The second column contains the frequencies with which the selected covariates occurred in the 500 selected models. Accompanying each selected covariate in the final column are the covariates from the full design matrix that had correlation coefficient magnitudes with the covariate in question greater than 0.95 and thus were excluded from the design matrix supplied to the variable selection. Colons denote interaction terms for the two covariate terms which the colon separates. Numeric superscripts denote polynomial terms for the covariate indicated by the acronym. Acronyms are expanded in Table 1.
| Covariate | Freq | Correlated Covariates |
|---|---|---|
| ECA.Nov4 | 219 | - |
| LSF3 | 139 | Slp3, TRI3, LSF4, Slp4, TRI4 |
| DVI.May | 102 | SAVI.May, NLVI.May, MNLVI.May, RDVI.May |
| WI | 100 | - |
| ECA.Feb:Slp | 95 | ECA.Feb:TRI |
| Mag.II:FPCI | 95 | - |
| SVF:Mag.IV | 94 | - |
| Slp2 | 89 | LSF:Slp, LSF:TRI, Slp:TRI, TRI:WI, TRI2 |
| ECA.Feb:SR.May | 88 | ECA.Feb:NDVI.May, ECA.Feb:SAVI.May, ECA.Feb:MSR.May, ECA.Feb:TVI.May, ECA.Feb:RDVI.May |
| LSF:SVF | 82 | LSF:VTR, SVF:Slp, SVF:TRI |
| ECA.Nov:DVI.Nov | 78 | ECA.Nov:MNLVI.Nov |
| Elev:SVF | 76 | - |
| ECA.Feb:DVI.Nov | 74 | ECA.Feb:MNLVI.Nov, ECA.Feb:RDVI.Nov |
| ECA.Nov3 | 73 | - |
| ECA.Feb:Elev | 72 | - |
Fig 2The frequencies with which covariate terms were selected across 500 selected models.

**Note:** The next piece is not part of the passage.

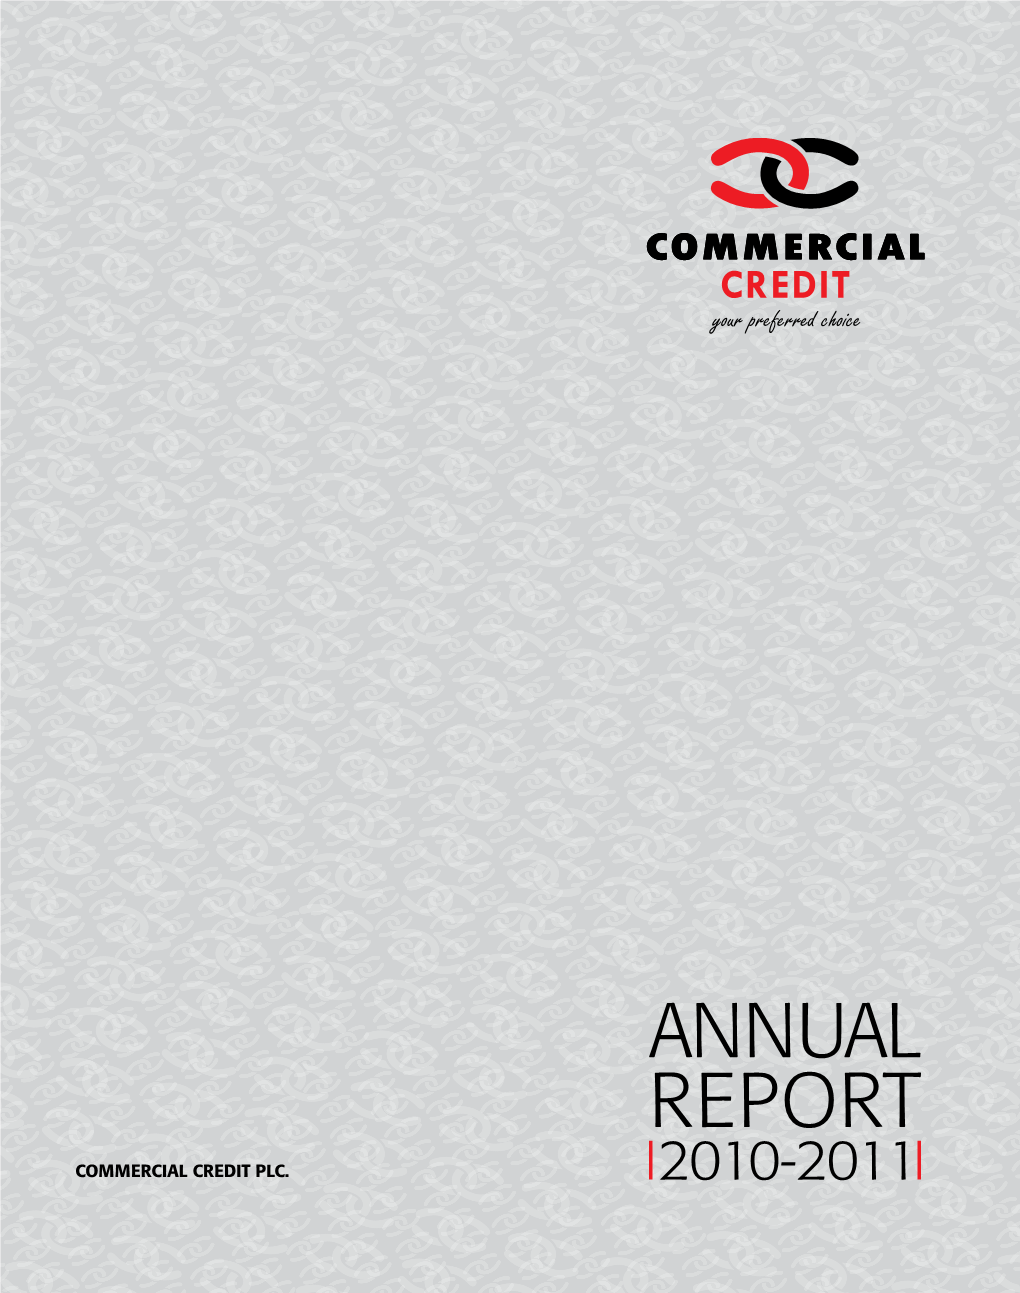 Annual Report Commercial Credit Plc
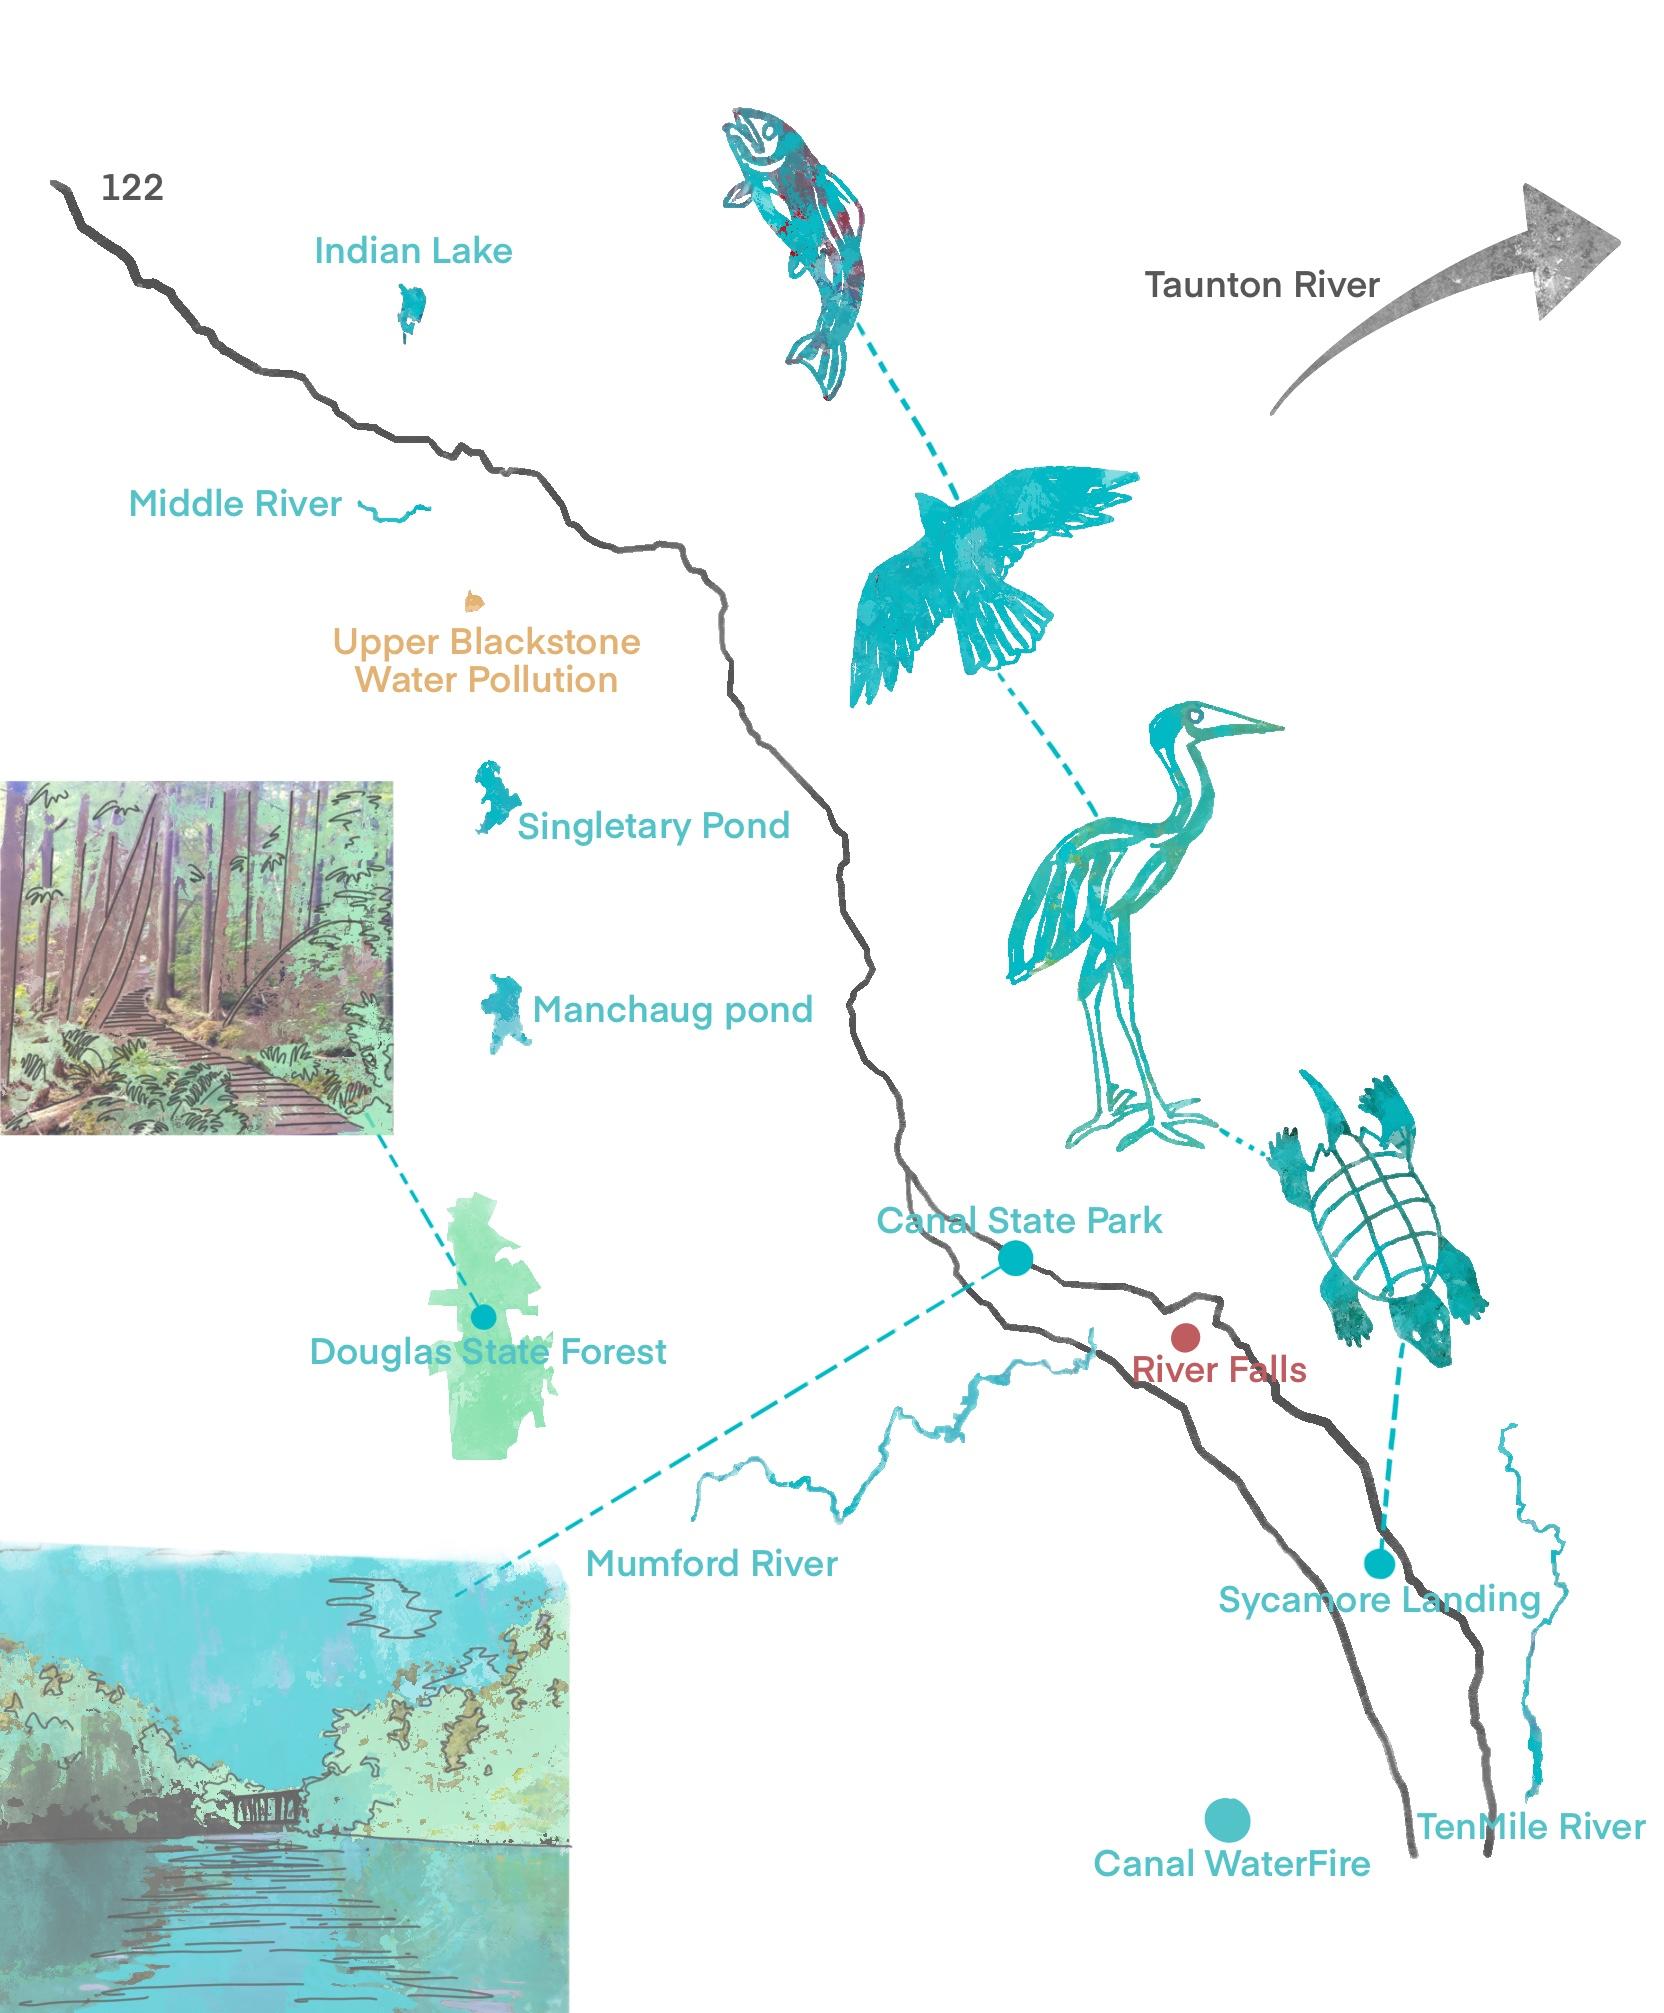 A map of the Blackstone River watershed showing a turtle, a Great Blue Heron, a Hawk, a fish, roads, parks, and other places of import.

These selected models were obtained by applying the Least Angle Regression variable selection algorithm to training sets constructed by taking 35 observation subsets of a design matrix. This design matrix was produced by filtering the full design matrix to enforce a maximum permitted correlation coefficient magnitude between covariate pairs of 0.95. The curved lines (Poincaré segments) represent interaction terms between the covariates they connect. Covariate acronyms are expanded in Table 1.
Fig 3The observed soil organic carbon percentages (%SOC) at the soil core locations have been represented by the shade filling the circles located at each of the soil core sample locations.
The observed %SOC values have been represented with the same grey scale as the predicted %SOC values and associated uncertainties in the rasters. (a) The sum of the covariate based predictions and the predictions from the model for the spatial component of the errors from the covariate based model. The more westerly pixel annotated with a vertical cross represents a predicted %SOC value of 17.92 and the more easterly pixel annotated with a vertical cross represents a predicted %SOC value of 9.54. (b) The uncertainty estimated to accompany the %SOC predictions. The three pixels annotated with vertical crosses represent estimates of the uncertainty associated with the model-averaged predicted %SOC values of 20.57, 21.66 and 43.66 units on the predicted %SOC scale. The estimated uncertainty of 43.66 being the most westerly of these three pixels and the estimated uncertainty of 20.57 being the most northerly of these three pixels.